** Opening Material provided block **
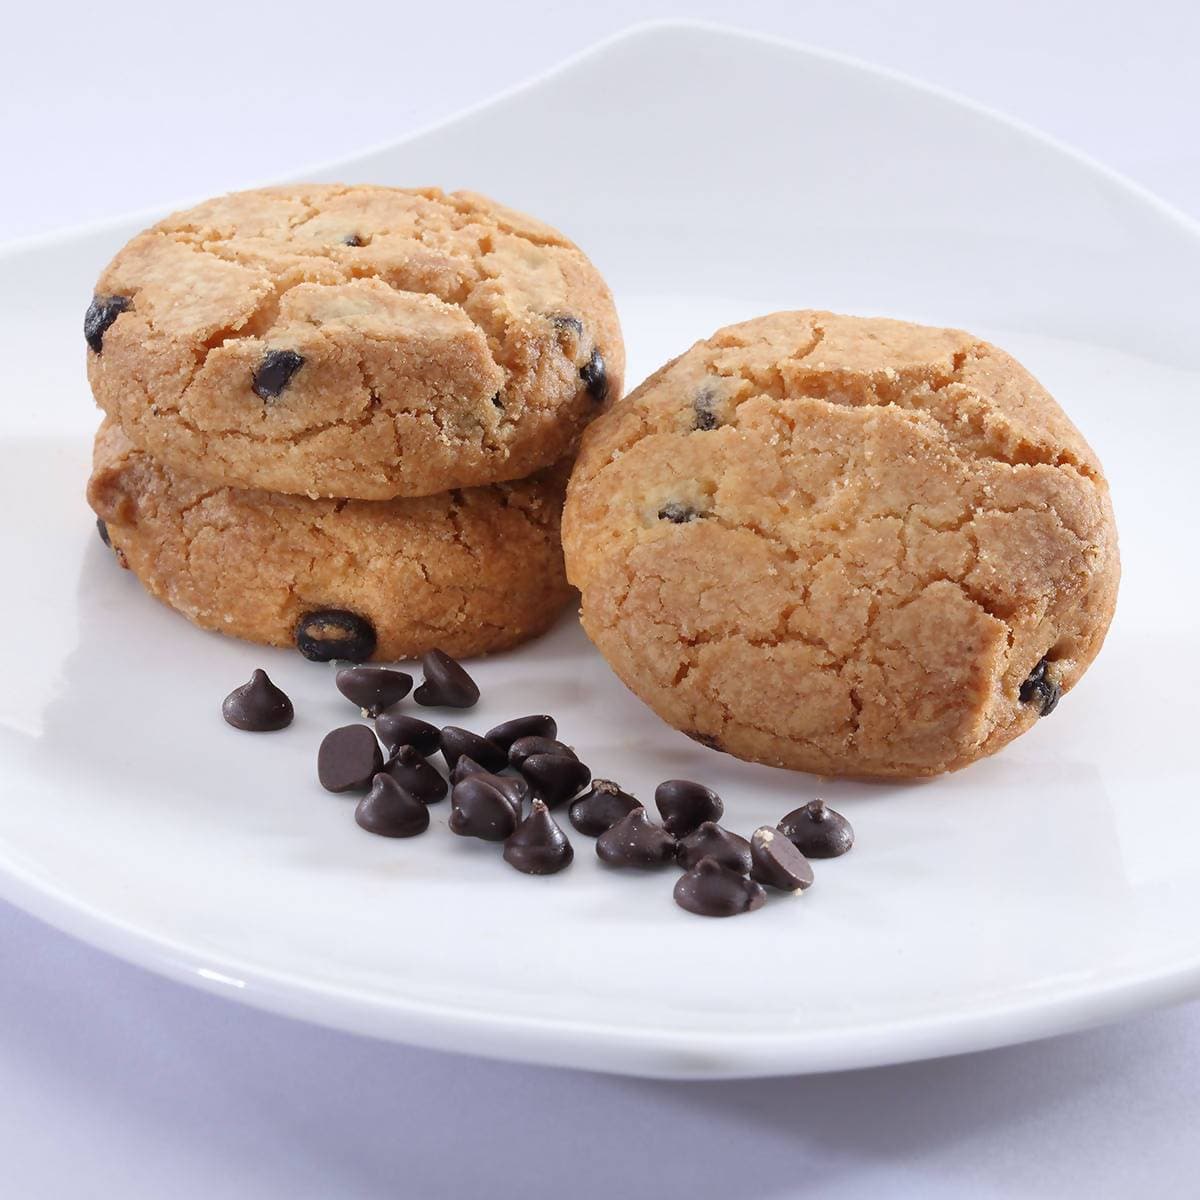 Cafe Niloufer Chocochip Osmania Biscuits
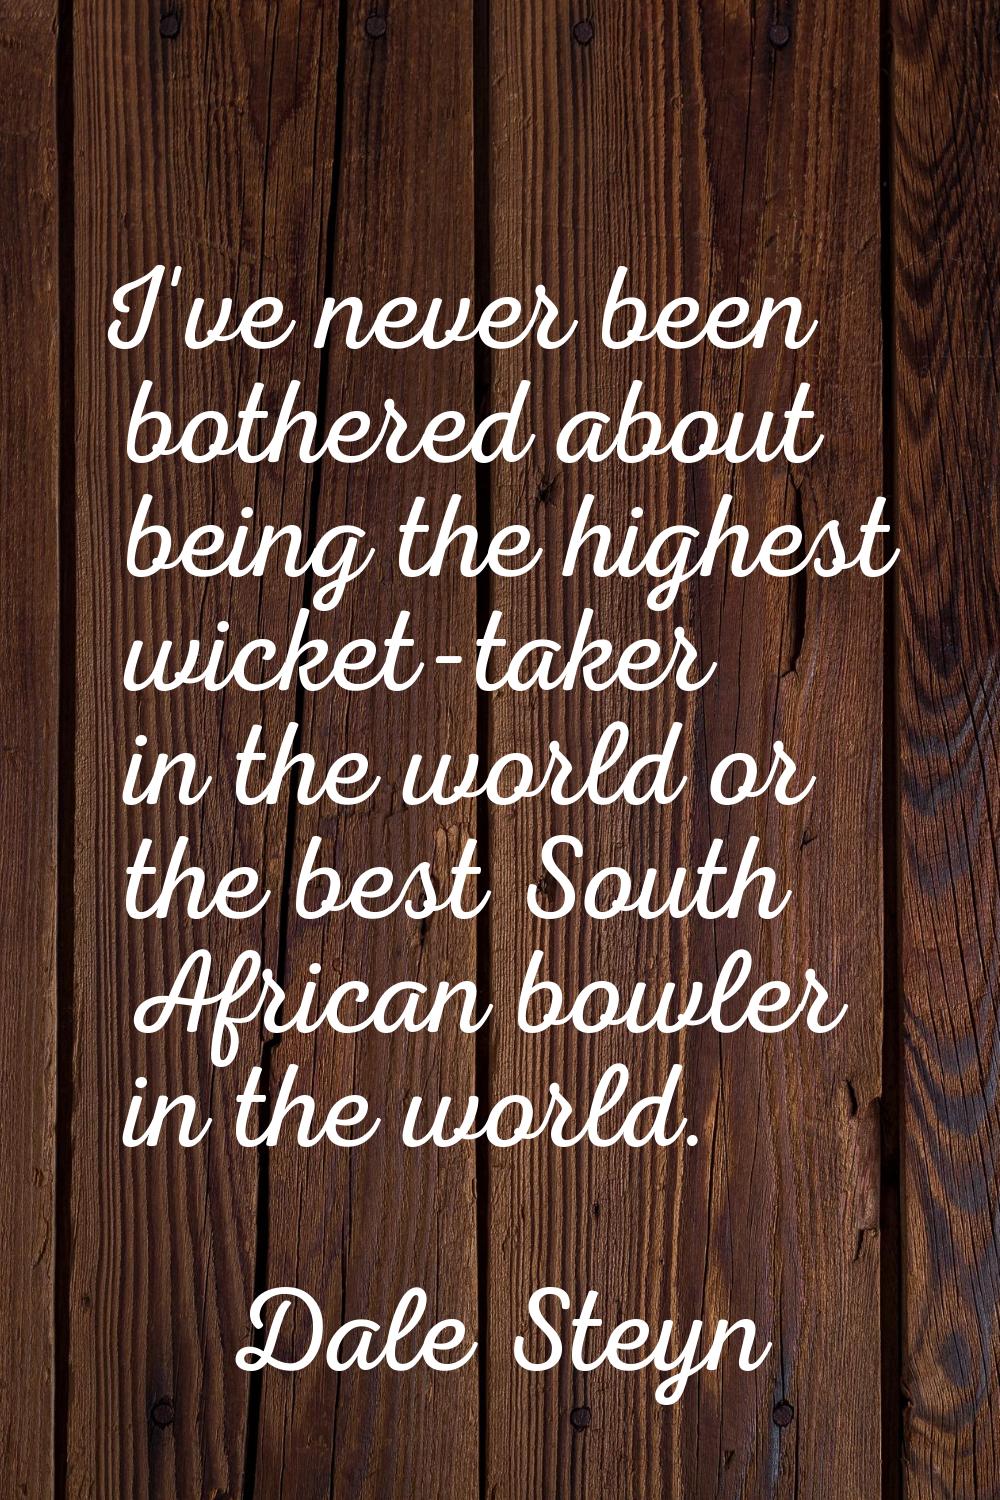 I've never been bothered about being the highest wicket-taker in the world or the best South Africa
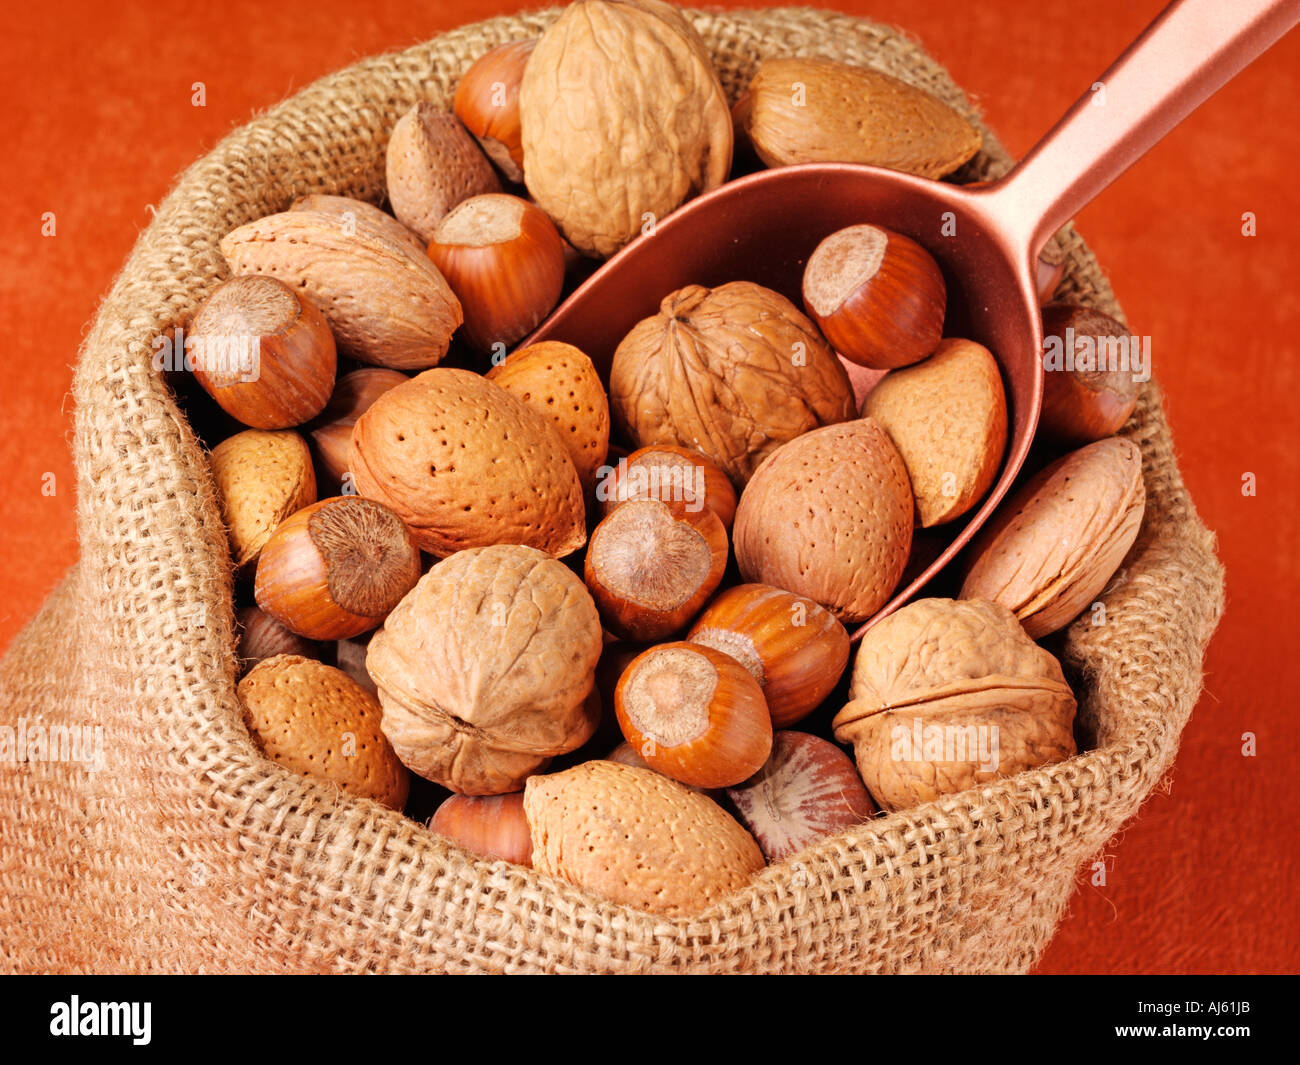 SACK OF MIXED NUTS Stock Photo
** Closing Material provided block **
◆ What you need to do ◆
Apart from the pictures, the whole listing should be reproduced exactly.

◆ Reply to the exercise ◆
 Cafe Niloufer Chocochip Osmania Biscuits
 I've never been bothered about being the highest wicket-taker in the world or the best South Africa
 SACK OF MIXED NUTS Stock Photo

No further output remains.